Figure 5: SEM micrographs of DIAMINO discs fractured faces.
4. Conclusion
Highly dense or tailored-open porosity U1-xAmxO2± discs (with x = 0.075 or 0.15) were successfully fabricated in ATALANTE facility by the LEMA (Laboratory of Studies of Actinides-based Materials) in the framework of the French DIAMINO analytical irradiation program.
Particularly, a brand-new process, UMACS, was applied to achieve by solid-state reactions pellets with almost no open porosity and with densities over 95%TD [4,8].

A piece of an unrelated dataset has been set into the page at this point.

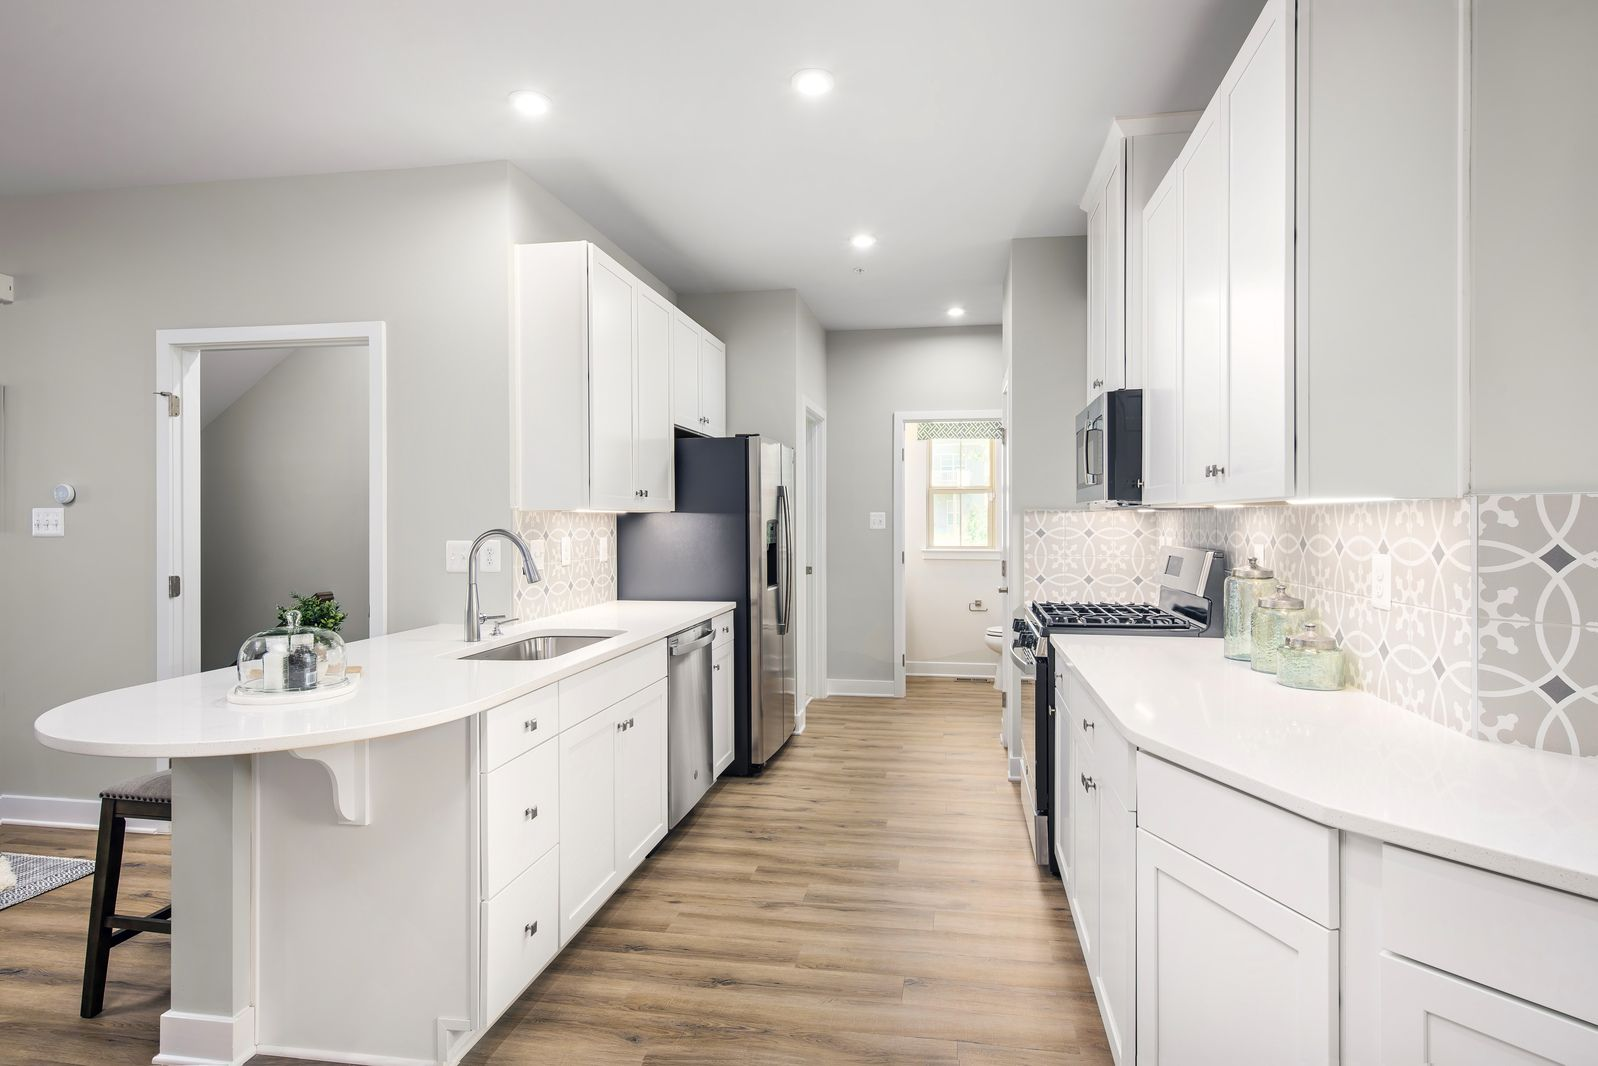 Kitchen featured in the Calvert By Ryan Homes in Warren County, NJ

All sets of pellets were then cut into discs which were further characterized by several techniques. These latter all ensure the conformity of the discs with regards to DIAMINO requirements. At present, the discs are ready to be sealed into analytical pins and will soon be irradiated in OSIRIS reactor.
Acknowledgments
The authors are thankful to N. Astier, M. Bataille and P. Coste for disc preparation and characterization; to S. Caron for the SEM micrographs; to E. Gavilan for XRD recordings and porosity measurements and to CEA/MAR/DRCP/SE2A/LAMM for ICP measurements. F. Lebreton and D. Horlait are also grateful for Ph.D. and post-doctoral fellowship funding by PACFA.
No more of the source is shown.